▶ YOUR GOAL
Please output the data exactly, minus pictures.

▶ SUPPLIED DATA

=== Begin Enclosure ===

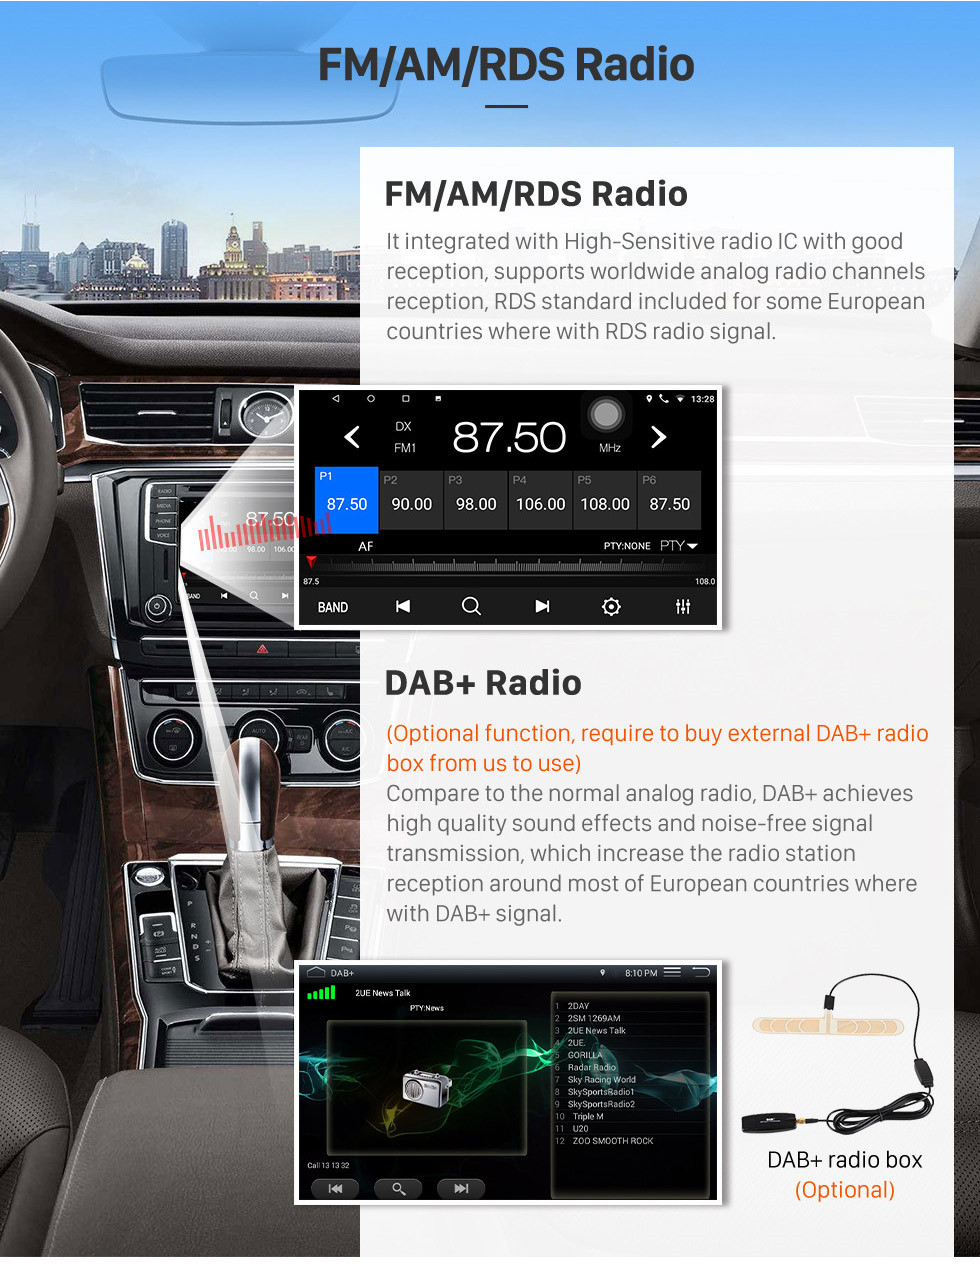 Seicane OEM 9 pulgadas Android 10.0 Radio para 2011-2014 Kia K5 RHD Bluetooth HD Pantalla táctil Soporte de navegación GPS Carplay Cámara trasera
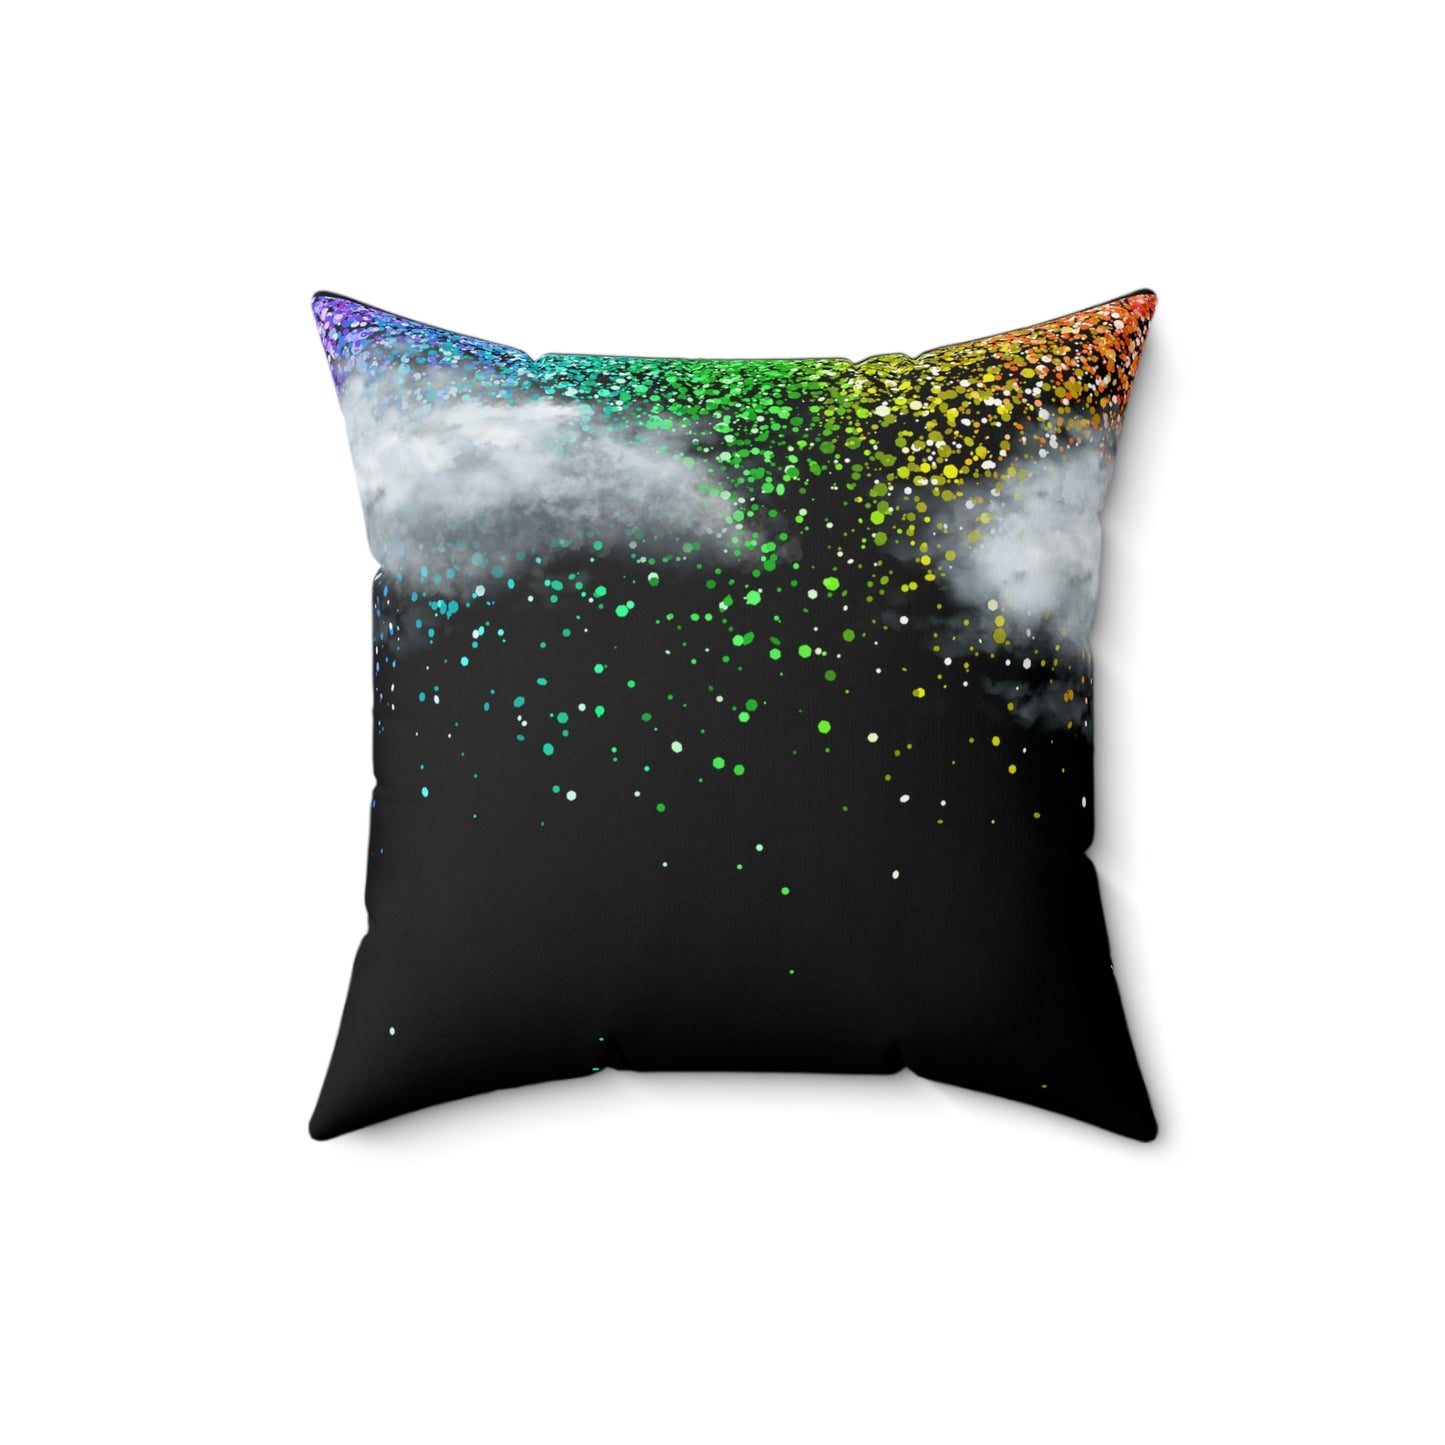 Rainbow, Raining Rainbow, Clouds, Sparkles- Square Black Pillow
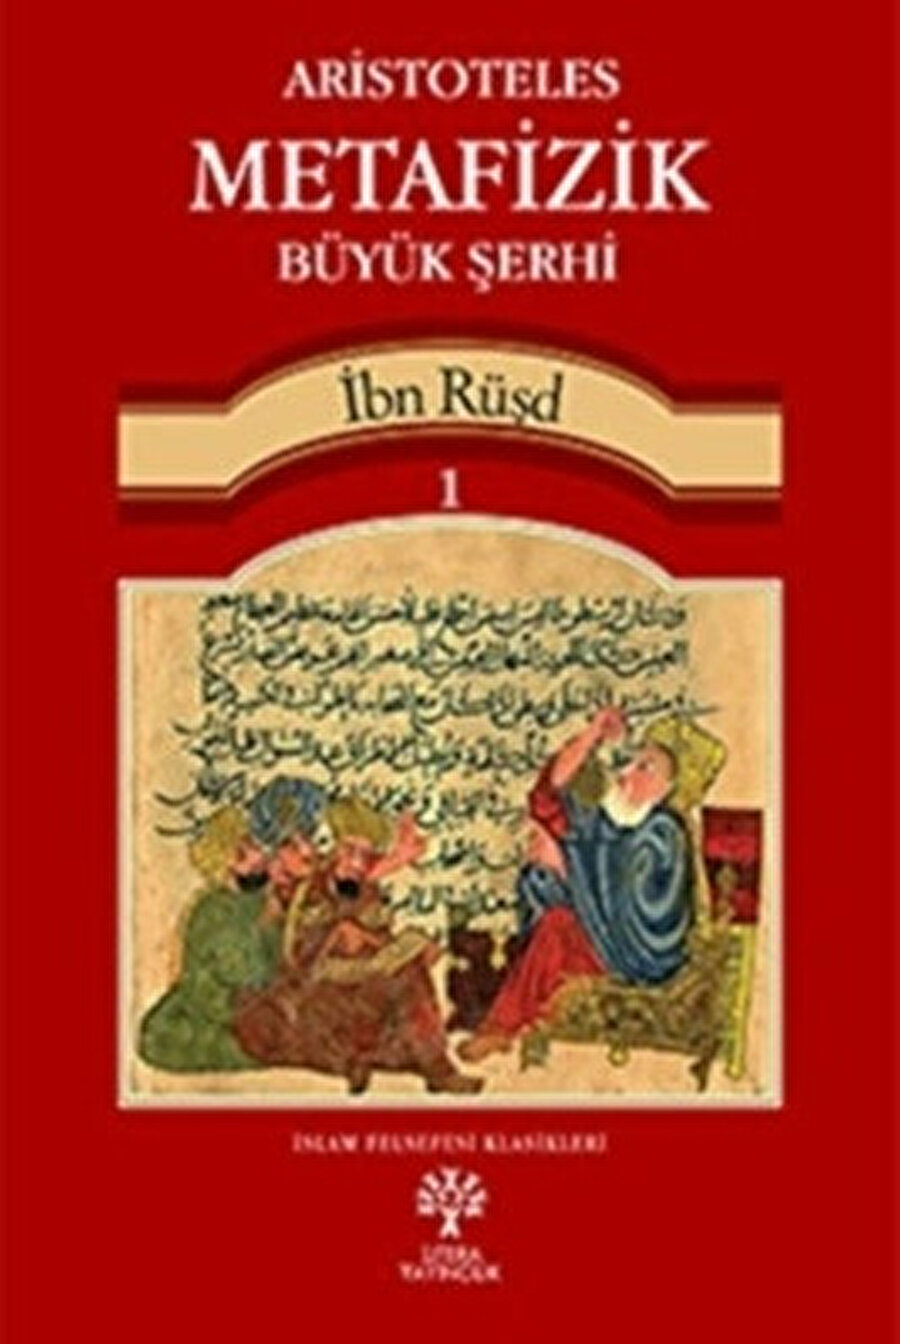 Metafizik Büyük Şerhi, İbn Rüşd, çev. Muhittin Macit, 2 cilt, Litera, 2017
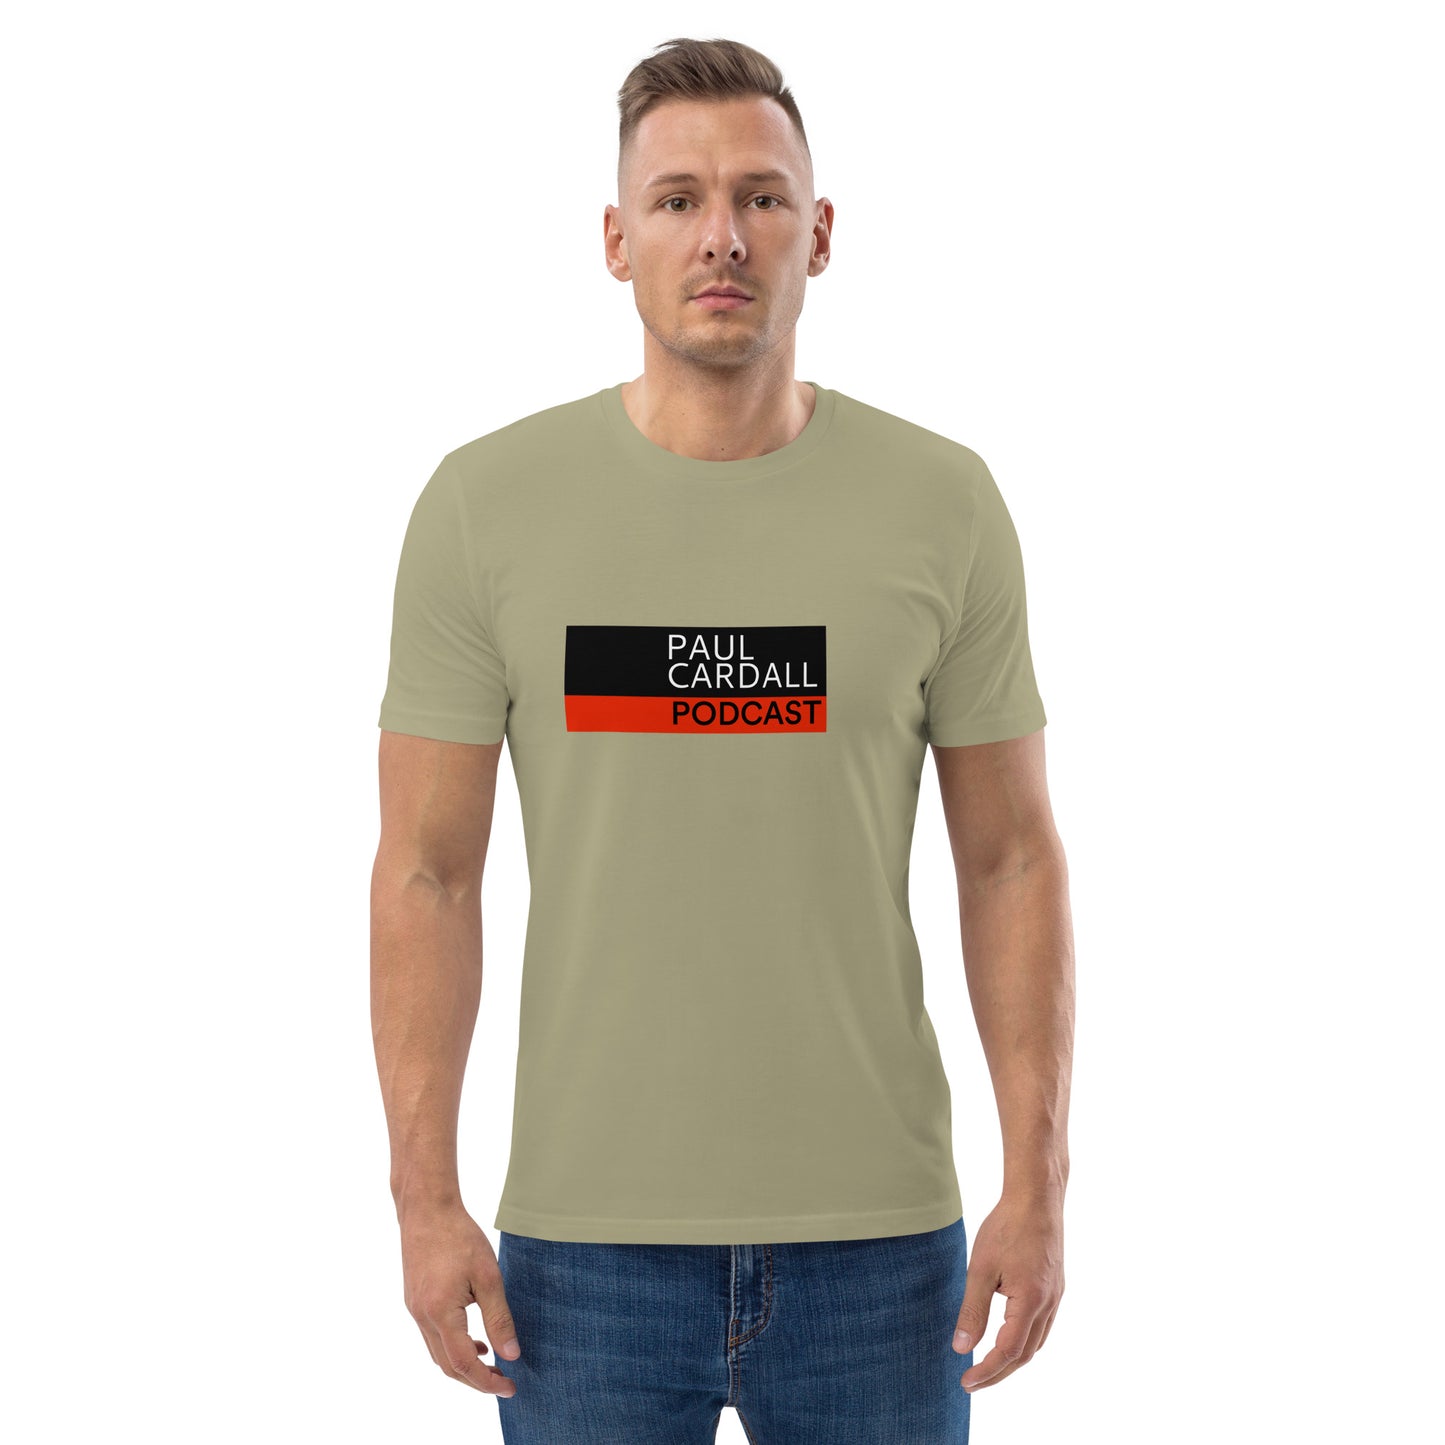 Paul Cardall Podcast Unisex organic cotton t-shirt

=== End Enclosure ===

▶ RESPONSE BELOW
 Seicane OEM 9 pulgadas Android 10.0 Radio para 2011-2014 Kia K5 RHD Bluetooth HD Pantalla táctil Soporte de navegación GPS Carplay Cámara trasera
 Rainbow, Raining Rainbow, Clouds, Sparkles- Square Black Pillow
 Metafizik Büyük Şerhi, İbn Rüşd, çev. Muhittin Macit, 2 cilt, Litera, 2017
 Paul Cardall Podcast Unisex organic cotton t-shirt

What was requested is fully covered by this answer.